I also suspect that you also know someone on your team or at your ad agency who has been advocating for dayparting. You know who I’m talking about. And I’ll bet that he or she assumes that people watch YouTube on their mobile devices during the day and « on the go. » Well, the majority of watch time on YouTube is mobile. In fact, on mobile alone, in an average week, YouTube reaches more adults 18 and older during prime time than any cable network does. So, you-know-who has got that right. But, it also turns out that YouTube viewing behavior on mobile is more like TV than I had assumed: The world watches at home, during prime time, and on horizontally oriented screens. I know, I said something entirely different during a content marketing webinar just last week. But, I hadn’t read this new data yet. Here’s what I know now: A Google/Ipsos Connect survey in July 2016 found:

  • Three in four adults report watching YouTube at home on their mobile devices;
  • Home mobile YouTube viewing occurs primarily during prime time;
  • Seven in 10 people default to horizontal viewing when watching videos on their phones;
  • YouTube users are twice as likely to pay close attention while watching YouTube compared to TV users while watching TV.

In addition, the same Google/Ipsos Connect survey found:

  • Almost four times as many people prefer watching video on YouTube as on social platforms that are less video-centric;
  • The top two reasons viewers watch YouTube are “to relax” and “to feel entertained”;
  • The top four content categories watched by YouTube users are comedy, music, entertainment/pop culture, and “how to”;
  • 68% of YouTube users watched YouTube to help make a purchase decision.

Now, I could dismiss this new data because half of it doesn’t conform to my pre-conceived assumptions. But that would be wrong. And video marketers who want to continue being successful in 2017 need to unlearn about a third what they’ve learned over the last 12 months because things change that fast in the digital video marketing business.

The Latest Platform Changes and New Features

Do you want an idea of just quickly the online video industry changes? Here are just some of the news stories from the past few weeks:

  • Facebook launched Live 360 video, which will be available to more Pages via the Live API in coming months, and will roll out more broadly for all Pages and Profiles in 2017.
  • Snap Inc. announced Groups, a new way to communicate with up to 16 friends on Snapchat. Chats sent to a Group are deleted by default after 24 hours. Snaps sent to a Group can be opened and replayed just once by each recipient.
  • Instagram announced that its community has grown to more than 600 million Instagrammers. That’s up from 500 million six months ago. And they now have more ways to share than ever before with Instagram Stories, live video and disappearing videos in Direct.
  • YouTube launched a new custom URL system that works independently from Google+. Kudos to YouTube for making this positive change for the millions of channels that have custom URLs today, as well as those who will request one in the future.
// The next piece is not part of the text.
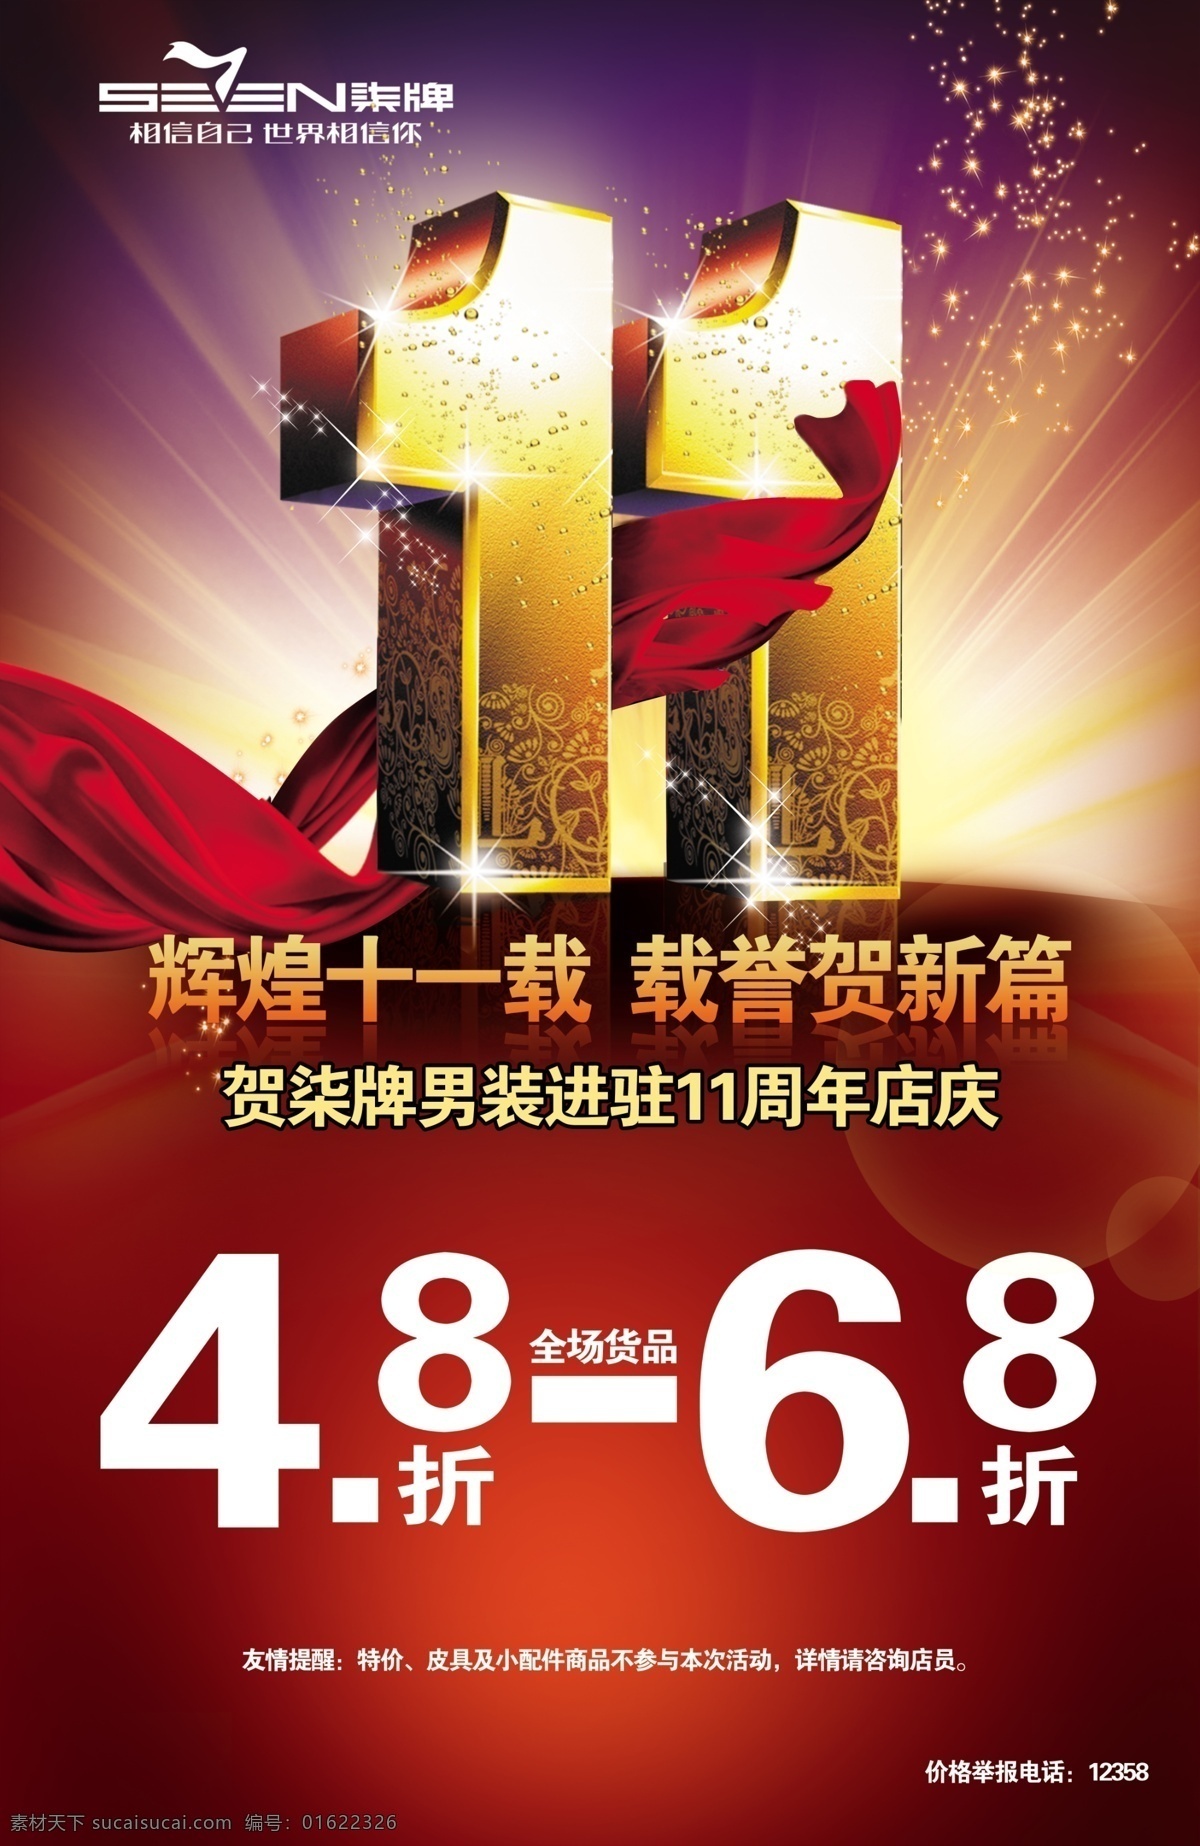 柒 牌 十 周年 海报 柒牌 十一周年 logo 11周年 周年庆 红色飘带 立体字 广告设计模板 源文件
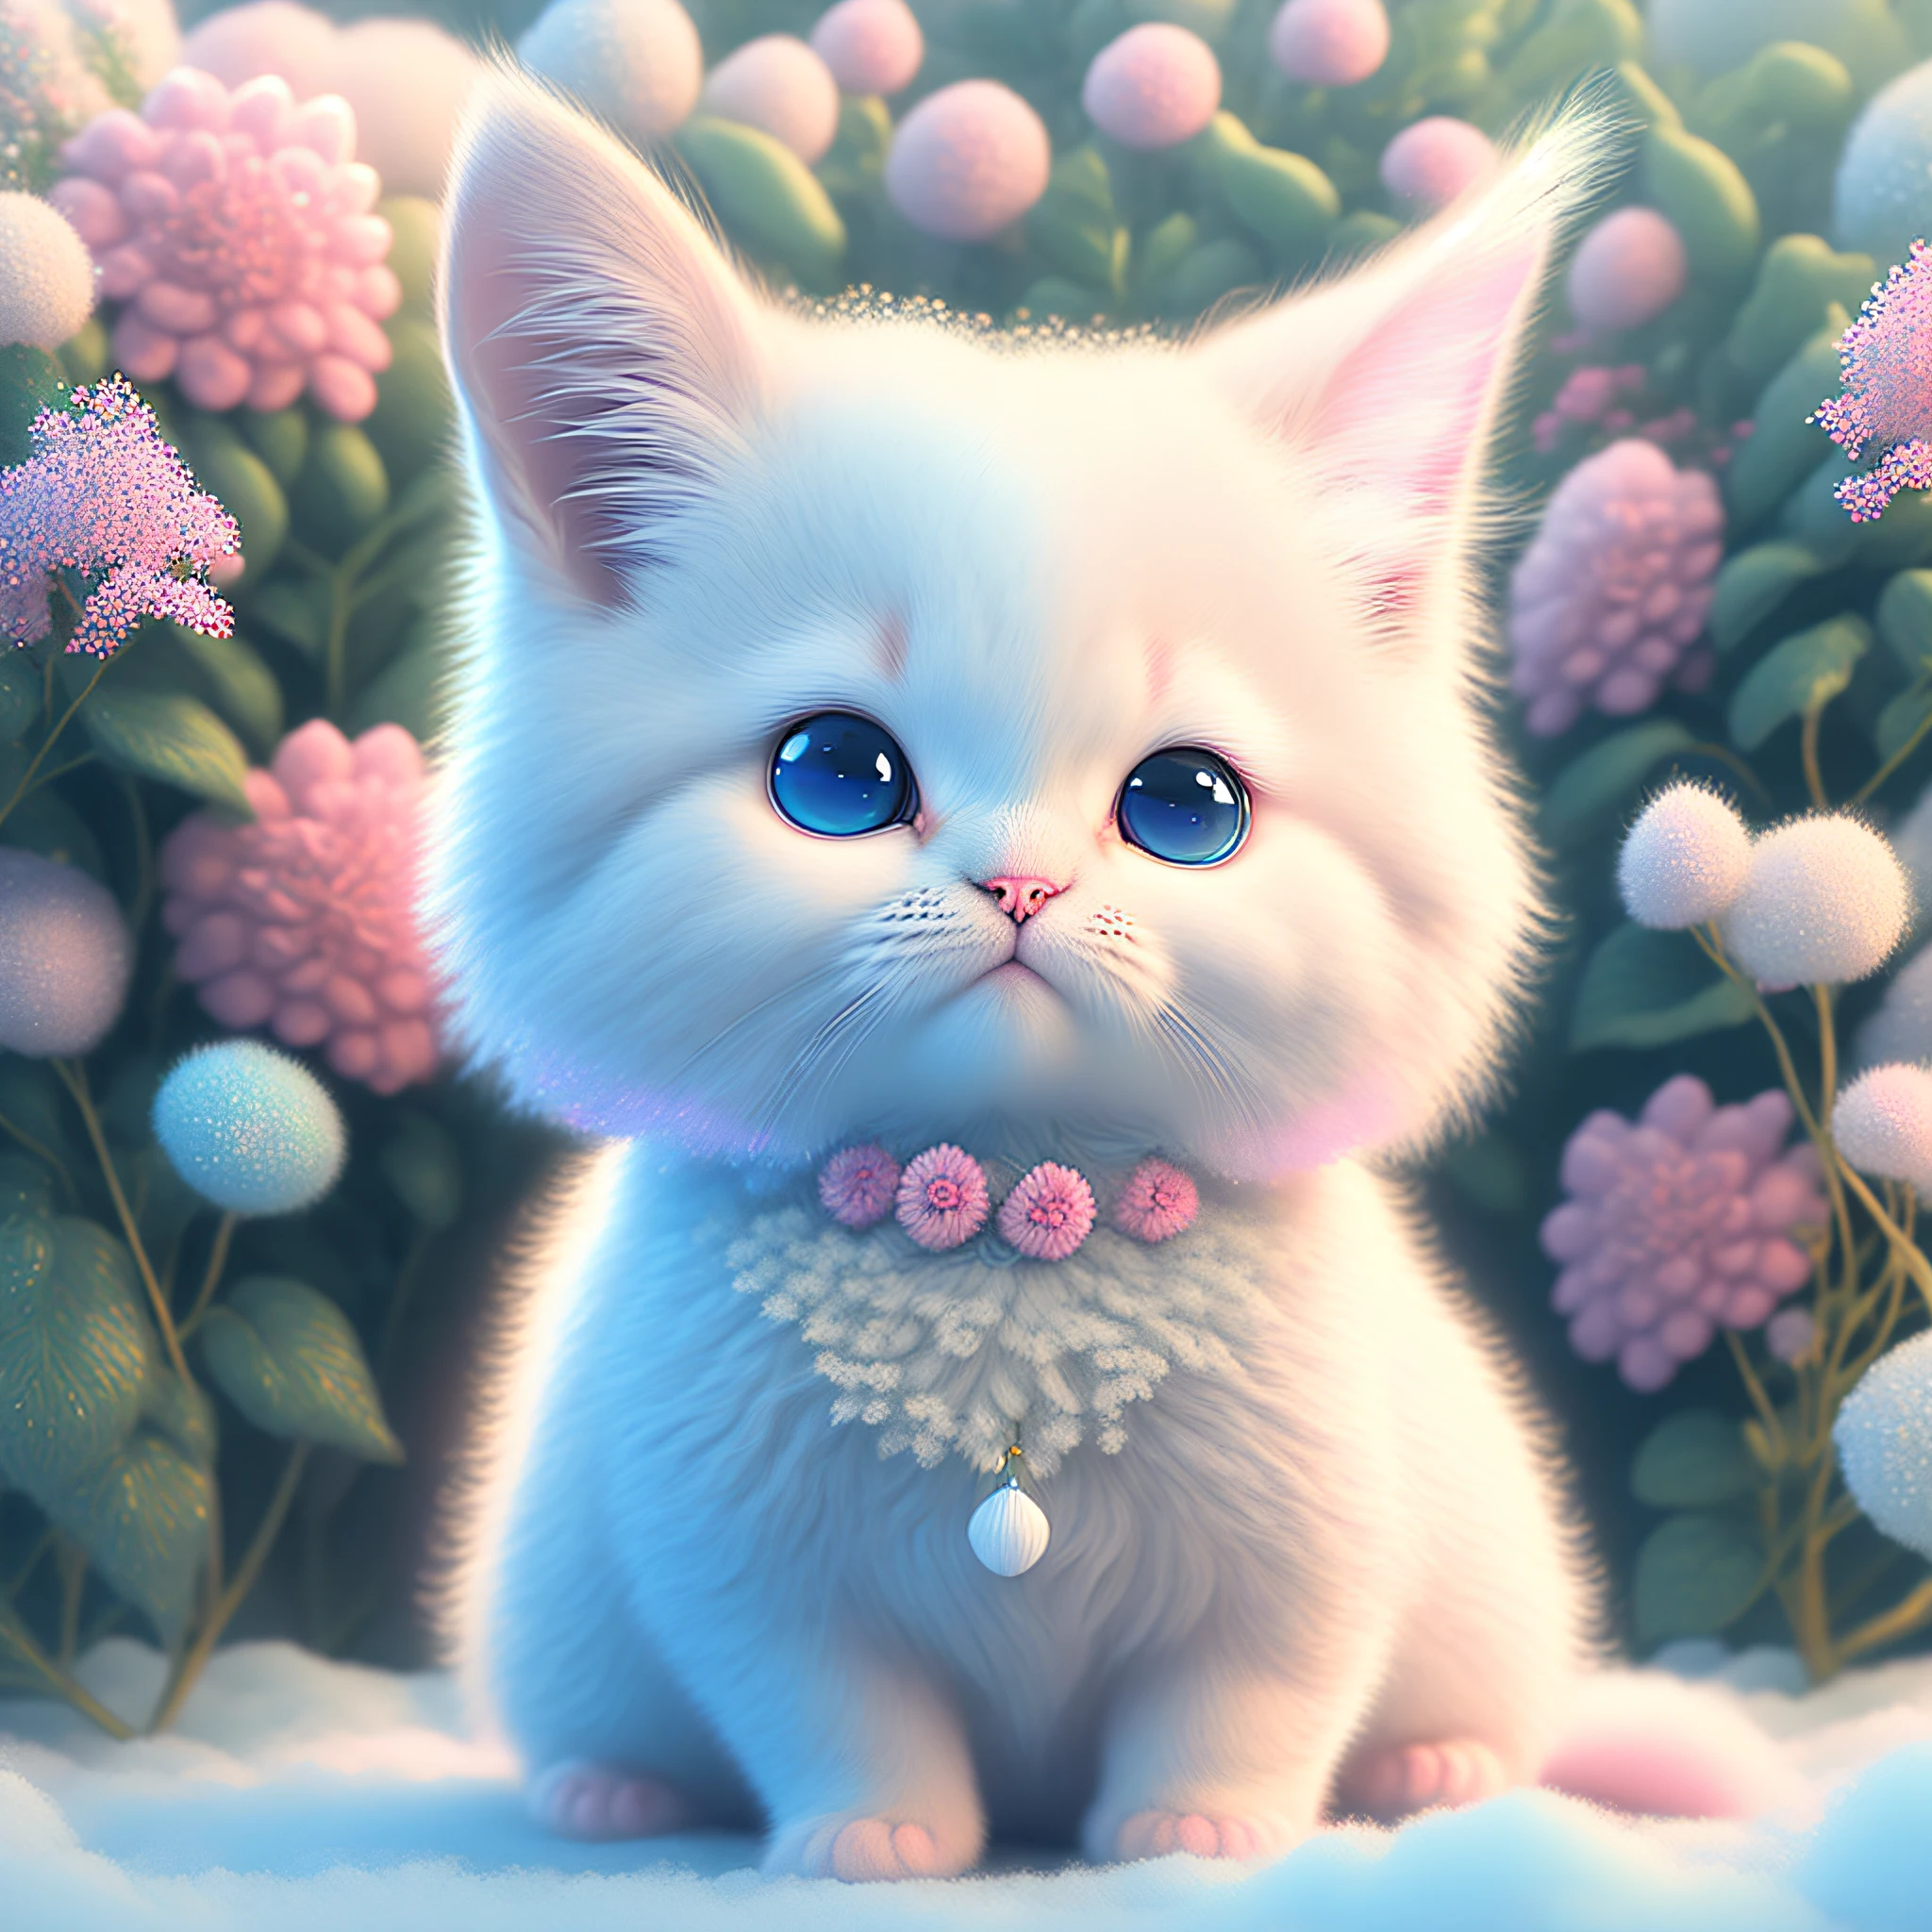 In dieser ultra-detaillierten CG-Kunst, das entzückende Kätzchen umgeben von Blumen, Pastell- und Neonfarben, beste Qualität, hohe Auflösung, komplizierte Details, Fantasie, süße Tiere

Multiply these developments by 52 weeks a year, and you can get a sense of why things are moving sideways almost as fast as they’re moving forward. But wait, there’s more!

Video Marketing in 2017

Last week, the folks at [email protected], a global, cross-discipline team of social experts from across all of Ogilvy Mather’s businesses, published their yearly report, Key Digital Trends for 2017, on SlideShare. And slides 45 to 56 present their strategic insights about “a video first world.” What’s that? Well, it’s a real “thing.”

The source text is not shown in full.